C. The Right of Self-Representation
 
1. Major Case: Farretta v. California (1126):
FACT SUMMARY: Faretta (D) was convicted following a trial court’s refusal to allow him to represent himself.
CONCISE RULE OF LAW: A criminal defendant has a Sixth Amendment right to conduct a pro se defense.
a. What warnings must a court give to a D who has elected to represent himself:
(i) Judge must get a “knowing and intelligent” waiver of right to counsel. Johnson v. Zerbst (1128)
(ii) D must be made aware of the dangers and disadvantages of Self-Rep., so that the record will establish that he knows what he is doing and his choice is made with eyes open: Adams v. U.S. (1128)
 
b. In a trial, when can a judge not grant a D’s motion for Self-Representation:
            (i) When it is clear that D will use S.R. to obstruct and disrupt the criminal process.
            (ii)When the timing of the motion is too disruptive
                        a. right before trial
                        b. after acceptance of counsel
 
c. Representation of yourself waives you right to claim ineffective assistance of counsel
 
d. What is the Standard for S.R.:
(i) Competency to Stand Trial is the Standard Godinez v. Moran (1131) for waiving counsel
a. all you need to know is what is going on around you or have “a rational as well as functional understanding of the proceedings against him” Dusky v. U.S.(footnote a. pg. 1131).

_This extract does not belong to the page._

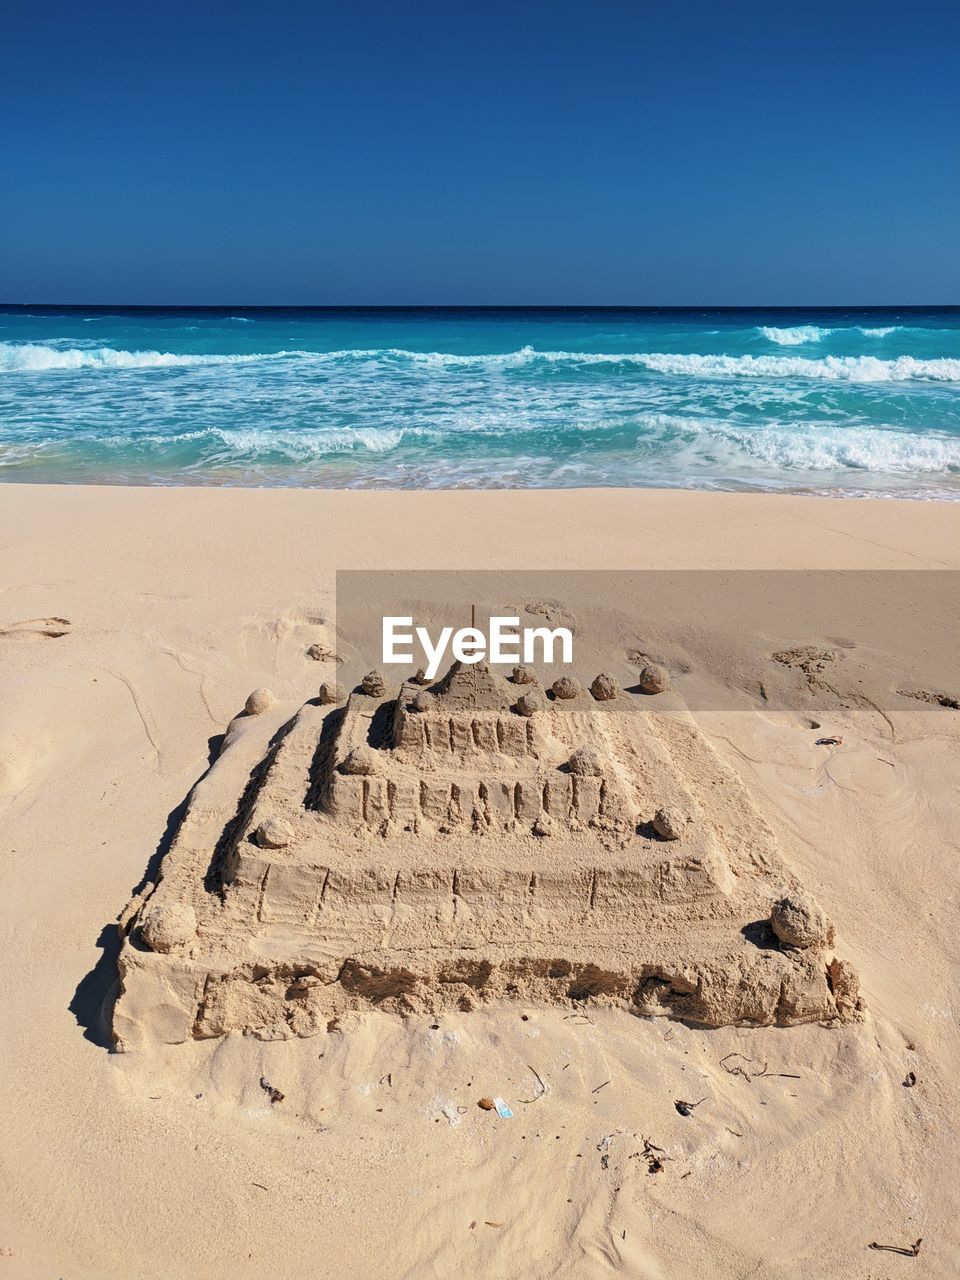 Sand castle at beach against clear sky

b. This is a very low standard
            (ii) You also must be able to make a “knowing and intelligent waiver” (1132)
e. Standby Counsel: In McKaskle v. Wiggins, 465 U.S. 168 (1984)(1132), the Court held that a court could force a defendant to have counsel in a consultant role while conducting his defense. Obviously, where consultation ends and outright representation starts is not a question easily answered.
-This allows a judge to be relieved of the need to explain and enforce basic rules of ct. room protocol or to assist the D in overcoming routine obstacles.
-Limitations:
1. Standby counsel can’t ruin the perception by the jury that the D is running his own defense.
2. D must still remain in control of his own defense.
3. However, “once a pro se defendant invites or agrees to any substantial participation by counsel, subsequent appearances by counsel must be presumed to be with the D’s acquiescence.” (1134)
 
-Can the judge refuse request of D for standby counsel?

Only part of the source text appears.